* Assigned task
The pictures stay out; all of the data is to be printed exactly.

*** Material provided ***

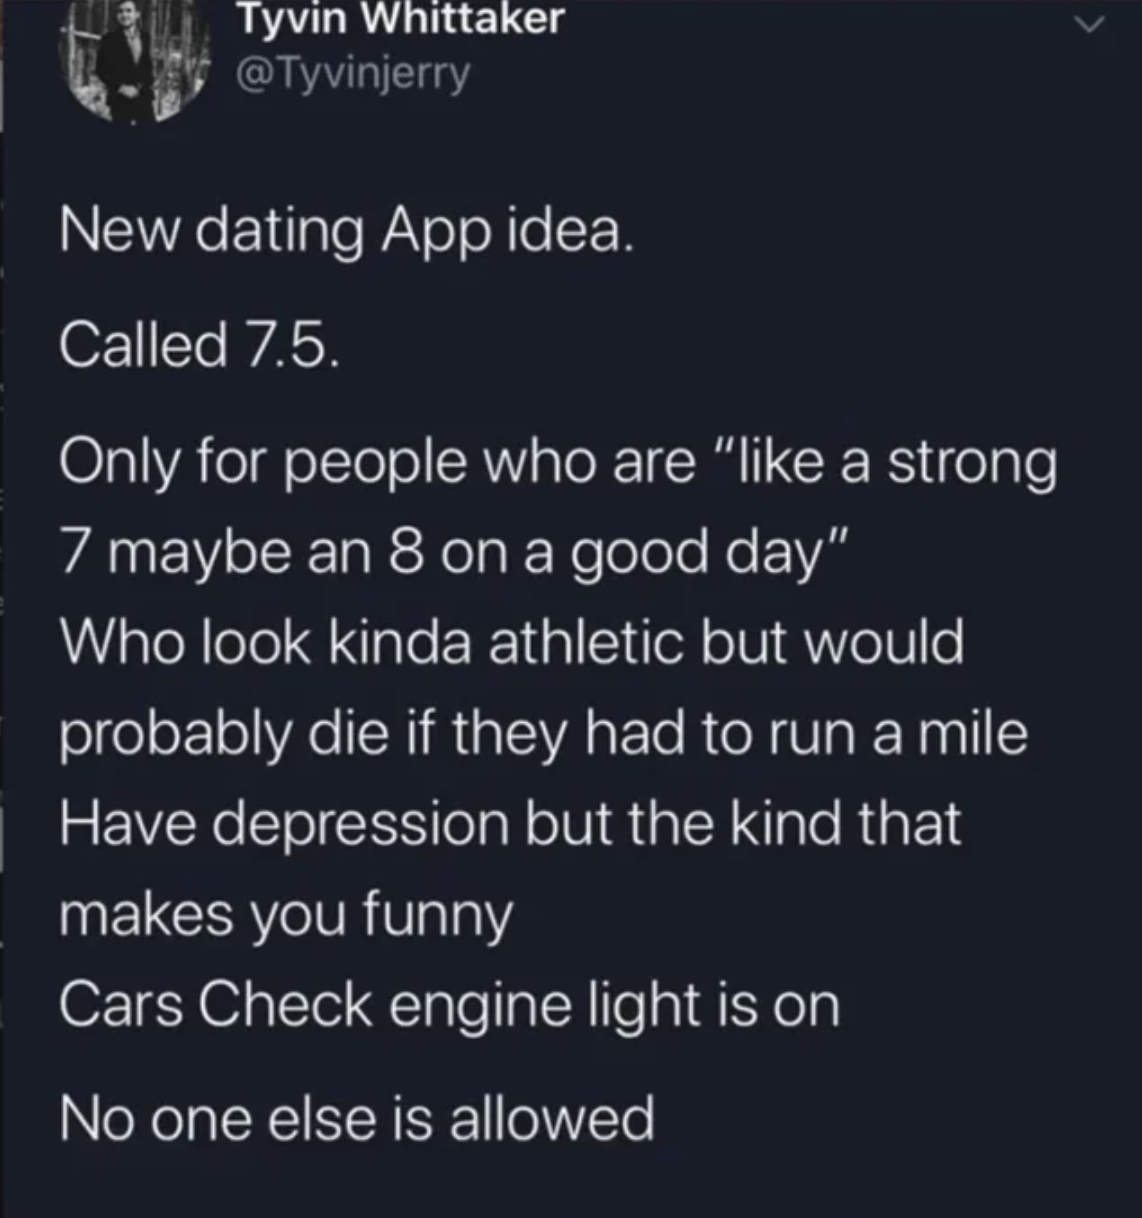 screenshot - Tyvin Whittaker New dating App idea. Called 7.5. Only for people who are " a strong 7 maybe an 8 on a good day" Who look kinda athletic but would probably die if they had to run a mile Have depression but the kind that makes you funny Cars Ch
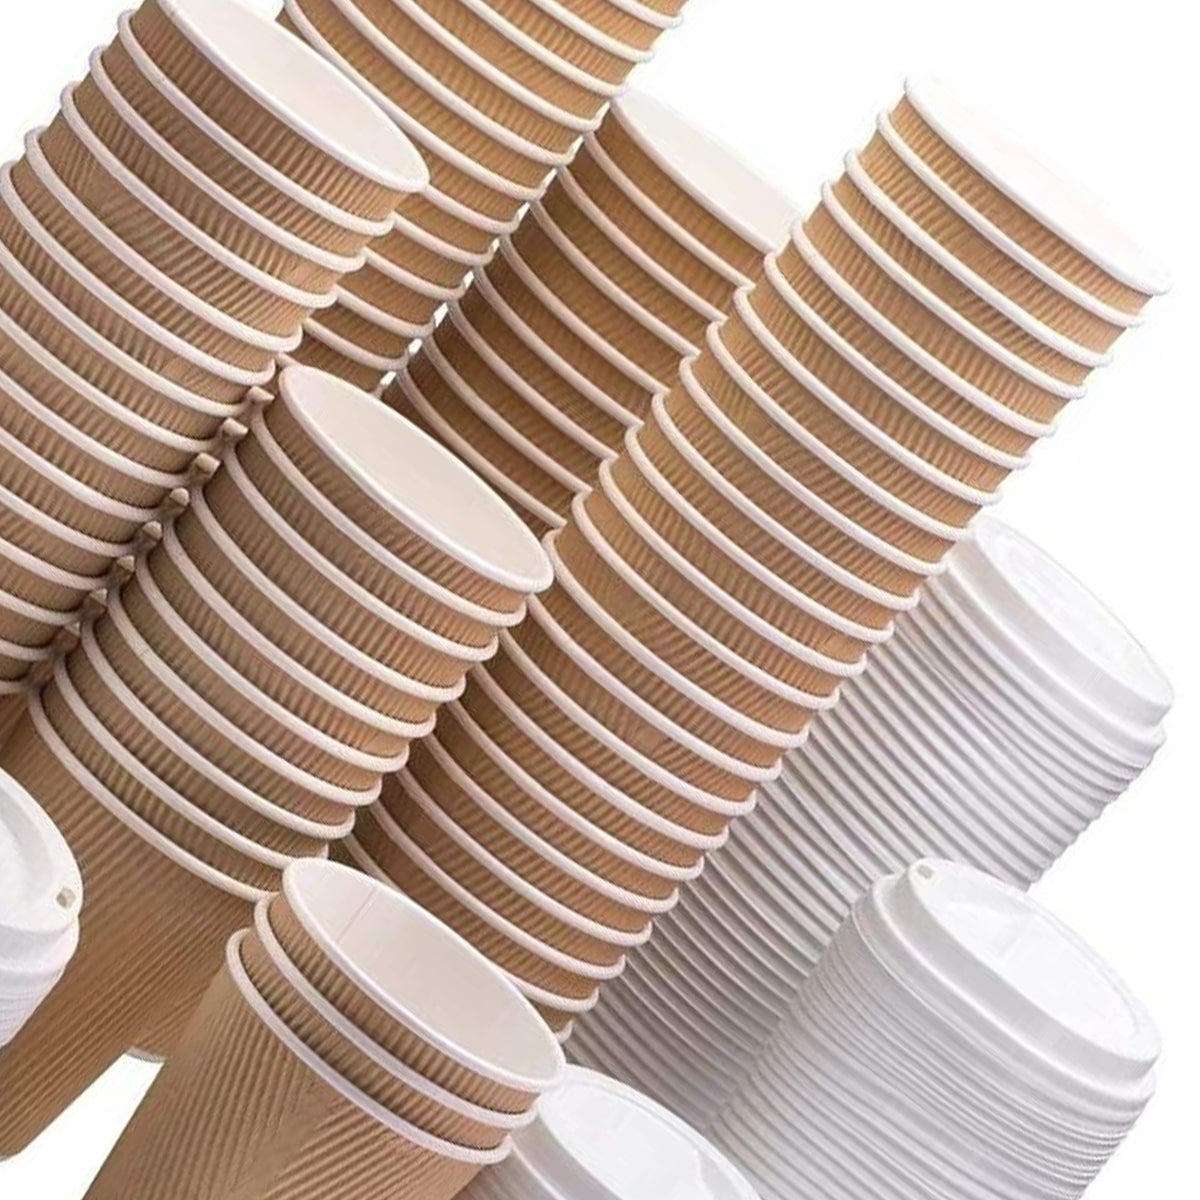 Disposable Cups With Lid 12 Oz - 500 Pcs
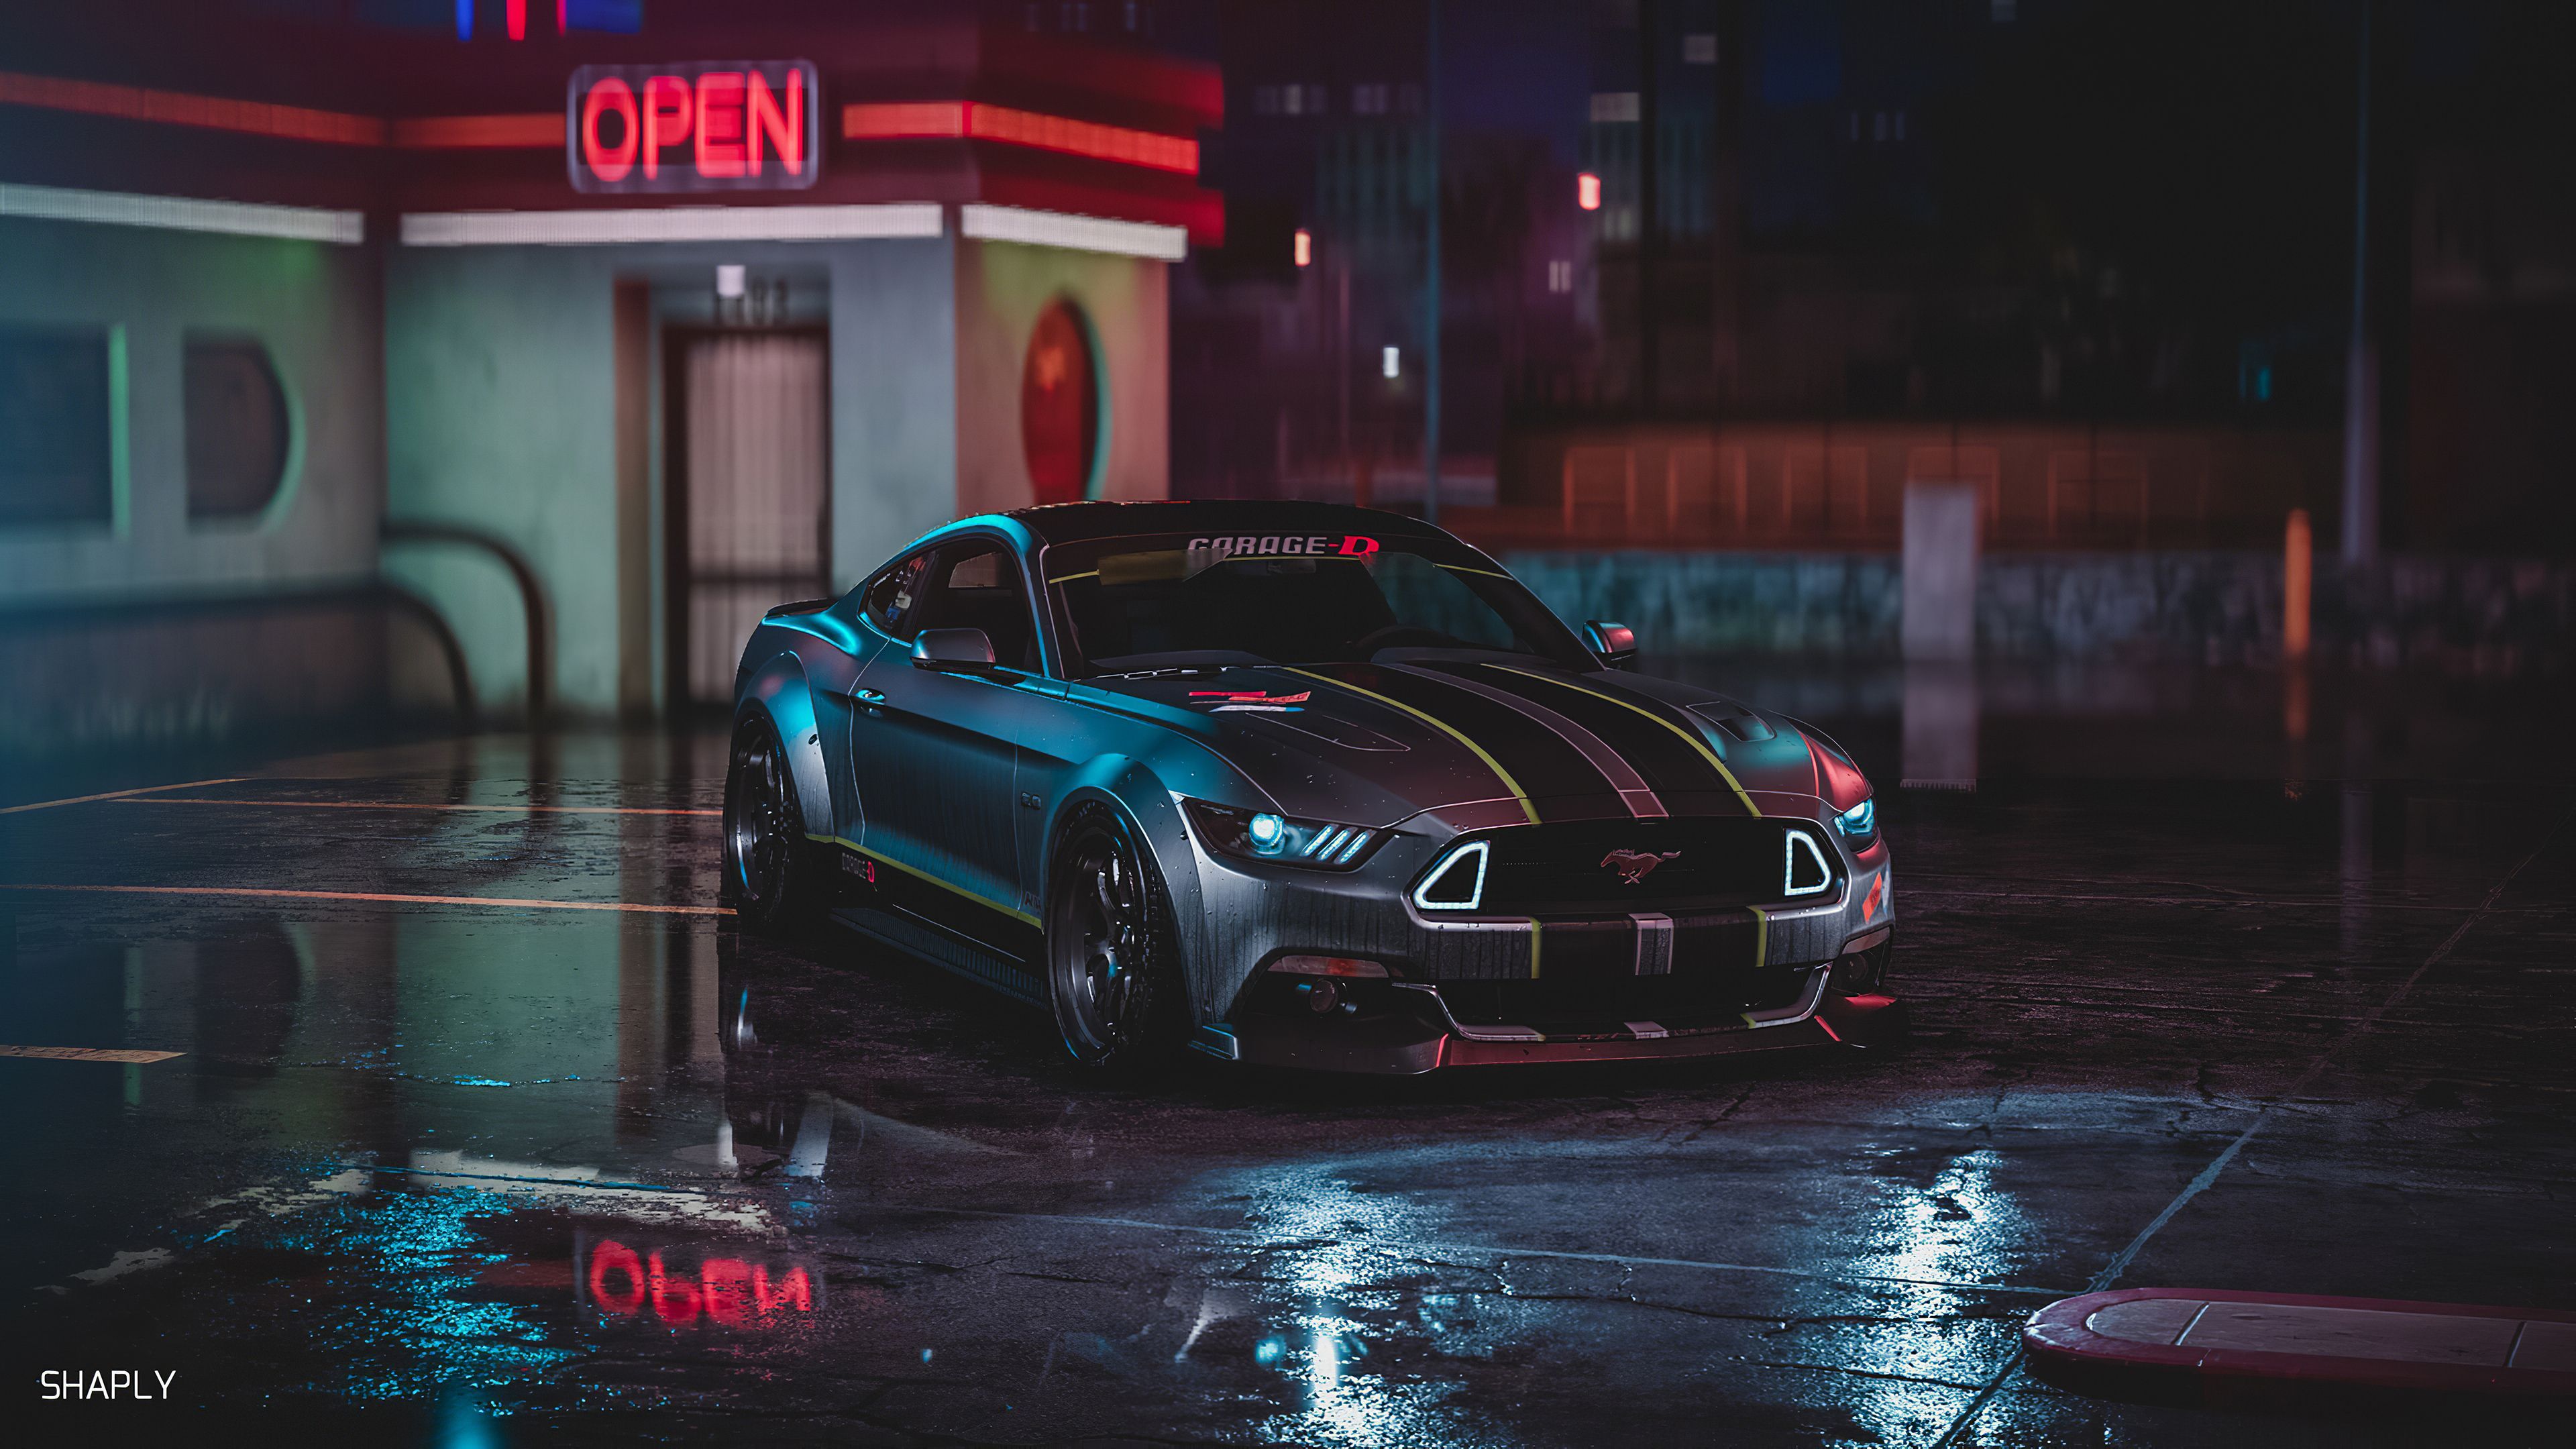 Ford Mustang Gt Neon Harmony Hd Wallpaper, Ford Wallpaper, Ford Mustang Wallpaper, Cars Wallpaper, Arts. Ford Mustang, Ford Mustang Wallpaper, Ford Mustang Gt

*** End of Material provided ***

* Exercise solution
 screenshot - Tyvin Whittaker New dating App idea. Called 7.5. Only for people who are " a strong 7 maybe an 8 on a good day" Who look kinda athletic but would probably die if they had to run a mile Have depression but the kind that makes you funny Cars Ch
 Disposable Cups With Lid 12 Oz - 500 Pcs
 Ford Mustang Gt Neon Harmony Hd Wallpaper, Ford Wallpaper, Ford Mustang Wallpaper, Cars Wallpaper, Arts. Ford Mustang, Ford Mustang Wallpaper, Ford Mustang Gt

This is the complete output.